С чего бы ему теряться-то? — Булгак ухарь был и хват, разбитной малый, боевой, солдатская служба за плечами, первый разряд по плаванию, вообще занимался спортом, почитал силу, твердость, решительность, презирал слюнтяйство, и, окажись вдруг слаб, позволь коленкам затрястись, когда вызвали его на трибуну толкать речуху перед всем народом, он и себя не пощадил бы, и себя запрезирал бы, и потому, пробираясь между креслами, между рядами, показывал всему народу, что речь толкнуть — ему раз плюнуть, и в жизни своей он уж столько речей натолкался, и столько трибун навидался, и столько собраний-заседаний, что теряться-то вовсе странно.

Маслыгинская записка подзадорила его, а еще раньше, до этого, подзадорил докладчик, упомянувший вскользь о некоторых несознательных товарищах, беспрецедентно отказавшихся брать на себя соцобязательства, и поскольку других таких, кроме Владислава Булгака, в цехе как будто бы не было, он, Булгак, принял эту критику на свой счет и тут же загорелся ответить на критику критикой, однако дрожь в коленках остановила его, и только после маслыгинской записки удалось унять эту дрожь.

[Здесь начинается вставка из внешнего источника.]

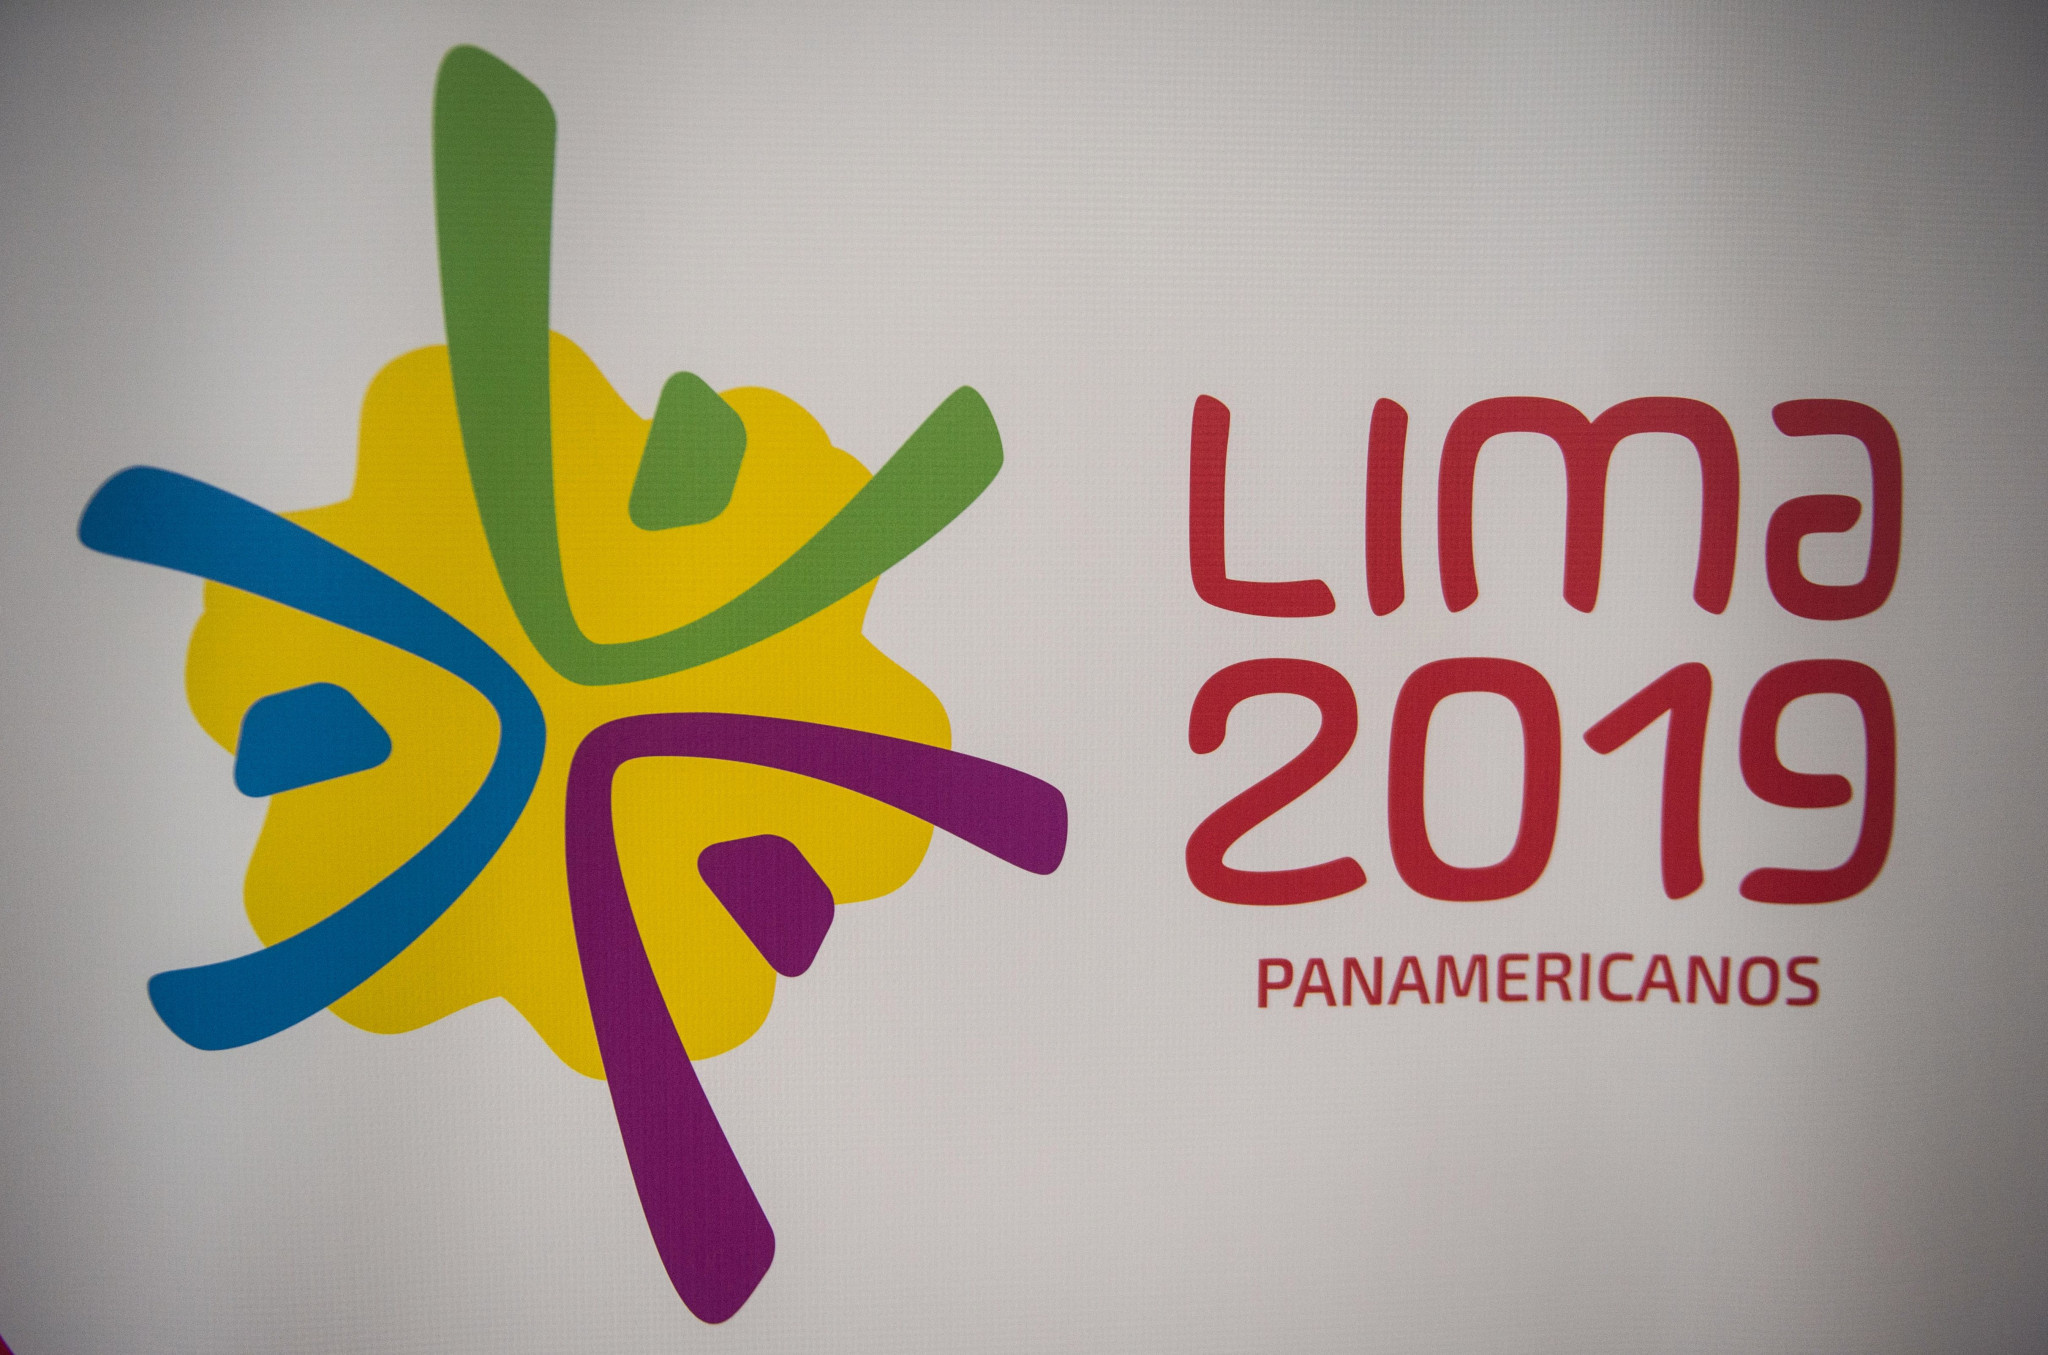 Congress approves project of exceptional measures to underpin organisation of Lima 2019

Ребятам, сидящим с ним, записку он не показал, спрятал, отшутился кое-как и, словно бы и не замыкаясь в себе, отшучиваясь, сохраняя ту же, что и прежде, иронически-скучающую позу, принялся напряженно обдумывать, что скажет с трибуны, и как, и с чего начнет, и чем кончит.

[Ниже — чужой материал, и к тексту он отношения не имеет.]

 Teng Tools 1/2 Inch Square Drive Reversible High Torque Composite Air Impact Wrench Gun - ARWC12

Начать, пожалуй, нужно было с обязательств, с того, как принимались они на участке, и как профгрупорг порол спешку, заставлял писать, что придется, лишь бы бумажка в цехком попала к сроку, и как он, Булгак, схлестнулся с профгрупоргом, а затем и с Чепелем, подоспевшим к этой стычке, и как коснулись личных клейм и честности в придачу, и как Владислава Булгака зачислили в разряд несознательных и темных.

Поразмыслив, он утвердил такое начало и двинулся дальше, не подавая ребятам виду, что занят умственной работой, и предписал себе строгую последовательность изложения, от и до, а повесть о том, как поссорились Владислав Акимович Булгак с Константином Степановичем Чепелем, все же поставил в центр, потому что последующее вытекало из предыдущего: принципиальность, сознательность, честность, и в доказательство — примеры, имена. Имен этих, заслуживающих уважения, набралось десятка полтора, и мог бы еще набрать, но и без того хватало для полноты картины и чтобы под конец вернуться к теневым ее сторонам, к нарушениям технологической дисциплины, к таким типам, как профгрупорг, которому лишь бы бумажка, или как Чепель, которому лишь бы рюмка.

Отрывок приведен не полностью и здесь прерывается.